The towering bushranger Jack-in-the-Boots was never out of jail for very long. Photo: AI-generated.
Jack-in-the-Boots is one of the Riverina’s best named (and least remembered!) bushrangers, who landed himself in Gundagai jail after picking a fight with the region’s bullock drivers.
Along with the likes of Ben Hall and Frank Gardiner, John Molloy – aka Jack-in-the-Boots – was prowling the inland roads of NSW during the so-called ‘golden age’ of bushranging in the late 1850s and early 1860s.
Exceptionally tall for the time at six-foot-three, Molloy had a penchant for fancy clothing and appears to have been in and out of police custody in the years leading up to his dramatic recapture near Gundagai in 1861.
According to an account in the Maitland Mercury and Hunter River General Advertiser from July, 1861, the notorious bushranger’s “depredations in the southern districts had raised him to the bad eminence of a villain of the first class”.
Molloy had been accosting mail coaches and travellers on the roads between Lambing Flat (Young) and Gundagai, when he picked the wrong man to rough up.
On Friday 7 June, the flashily dressed Molloy had come across a bullock driver named George Finney and reportedly shot at him before robbing and beating him.
Word spread quickly among the bullockies, and three young drivers tracked the bushranger to a nearby grog shanty where he was “swelling it about the place in an elaborate toilet [outfit] including buckskin gloves”.
One of the men named John Holloway was an acquaintance of Molloy and sidled up alongside the pistol-wearing thief while his mates eased in behind.
Holloway seized hold of Molloy while the other two “rushed on him, and having succeeded in throwing him, bound him hand and foot, hard and fast, with their silk sashes”.
The thief was dragged outside and secured to a dray with a chain while one of the men headed for Gundagai and the police.
Molloy was soon under lock and key and threatening to murder his captors as locals from across the district came to town hoping for a glimpse of the notorious highwayman.
But as the Maitland Mercury and Hunter River General Advertiser reported, “the clanking of his leg irons may now be heard every day as he strides up and down the gaol yard, – a sound which says for the comfort of all but himself”.
The correspondent concluded that “the government, on the recommendation of the Police Magistrate of Gundagai, has handsomely rewarded the captors of this ruffian”.
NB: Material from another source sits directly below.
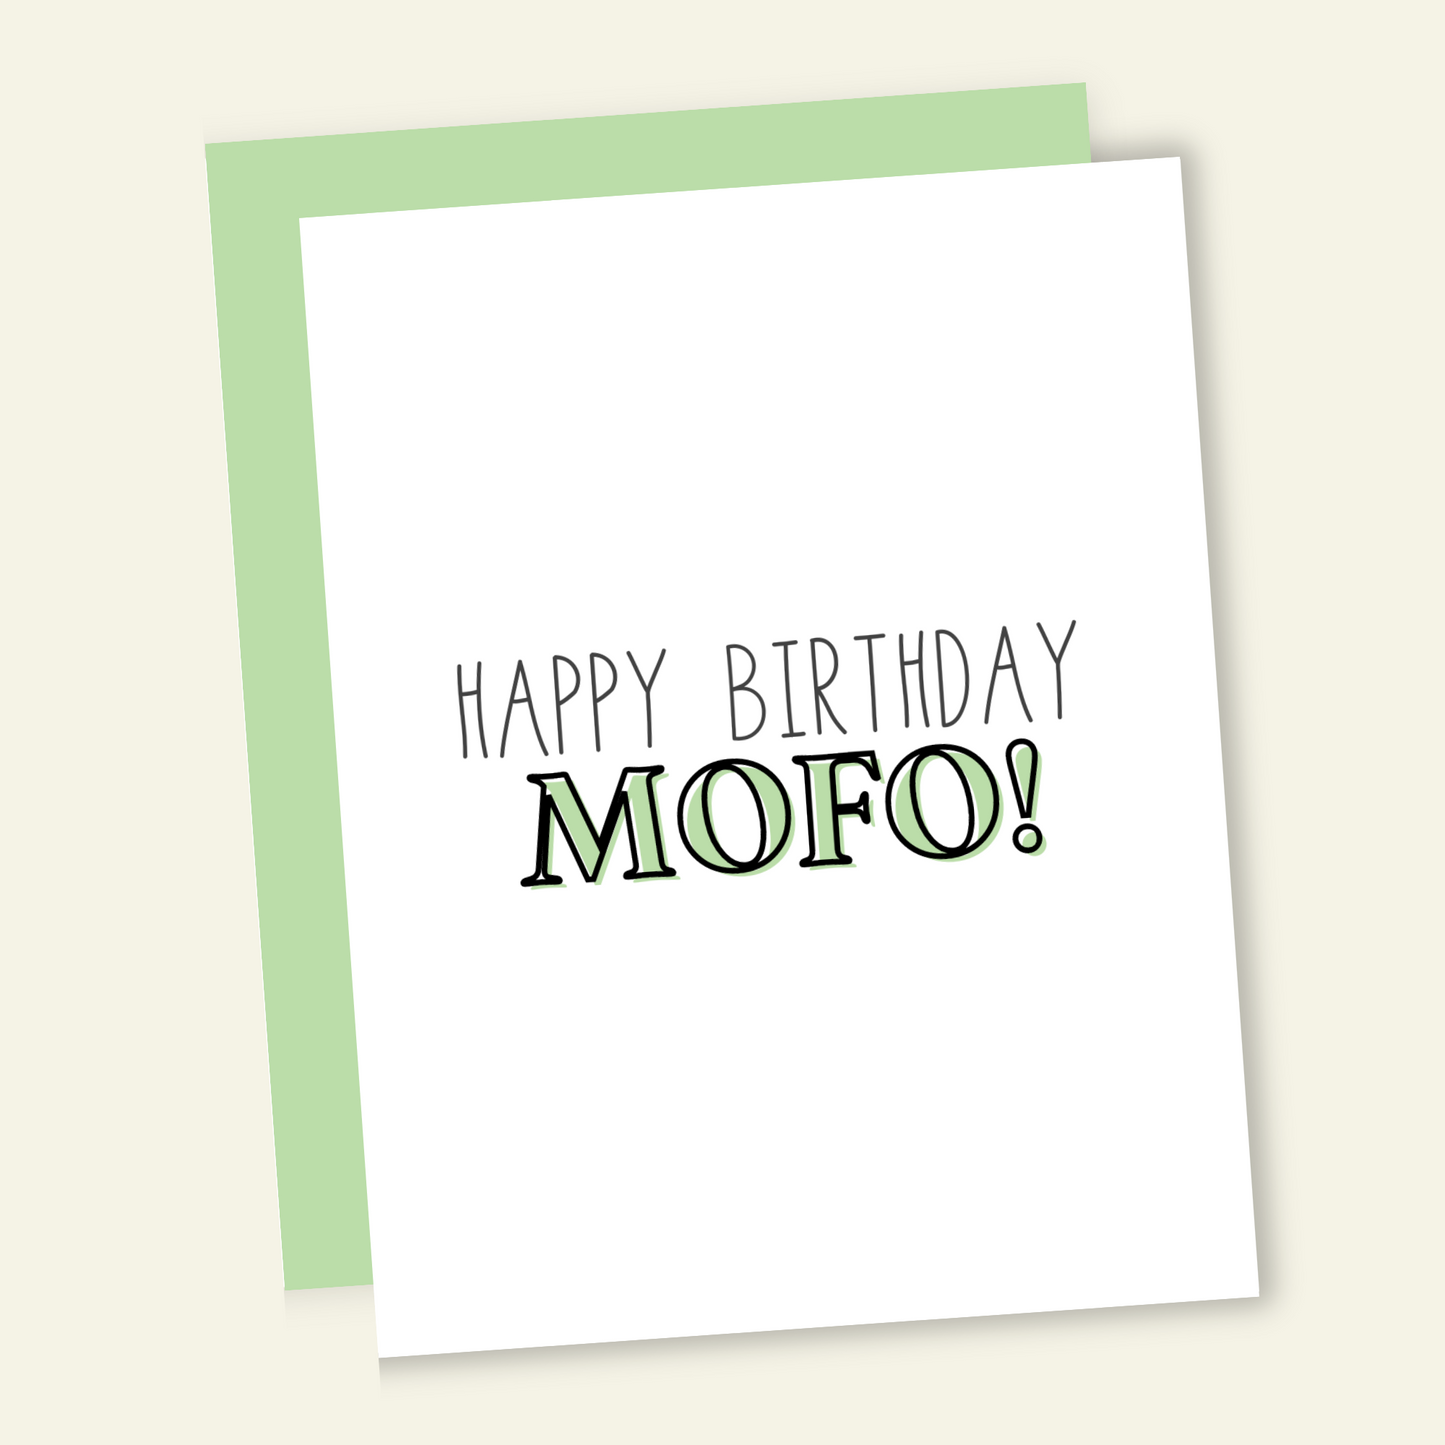 Happy Birthday MOFO. Birthday Card

In September 1861, John Molloy was convicted of robbery under arms, and sentenced to eight years hard labour but later had his sentence halved and secured early release from Cockatoo Island in October 1865.
“Jack-in-the-Boots” was soon back on the road and up to his old tricks in the south-west with an accomplice named James Marshall.
In May, 1866 the Gundagai Herald reported that two men bailed up Mr Keane’s Hotel in Coolac armed with a revolver and a double-barreled pistol.
One was tall, the other short and both were described as having a dark complexion and thin features and wearing tall wellington boots. One had a panama hat and short-waisted “monkey jacket” while the taller of the two wore a battered cabbage tree hat.
After relieving the dozen or so patrons of their silver and searching the rooms for more, the thieves became generous and shouted drinks for their prisoners.
One man named Ryan tried to catch them by surprise and the publican was almost shot by mistake.
The shorter of the two thieves “evaded his grasp, and levelling the pistol, fired, the bullet happily missing its mark, and going so close to Mr Keane’s face as to singe his whiskers”.
Taking their stolen silver and a bottle of gin, the bushrangers warned that anyone caught following them would “have their brains blown out”.
The police were soon hot on their heels and days after the holdup a pair of troopers named Cranmer and Jones fired on them as they attempted to flee in the hills near Carcoar.
Molloy was shot in the hip and thrown from his horse as Marshall spurred his mount away into the bush. The wounded outlaw ran towards a nearby creek fumbling at his belt but was unable to draw the loaded revolver before the troopers were on him.
Less than 12 months after his release, Jack-in-the-Boots was patched up and dragged back before a judge who sentenced the unlucky thief to 12 years on the roads.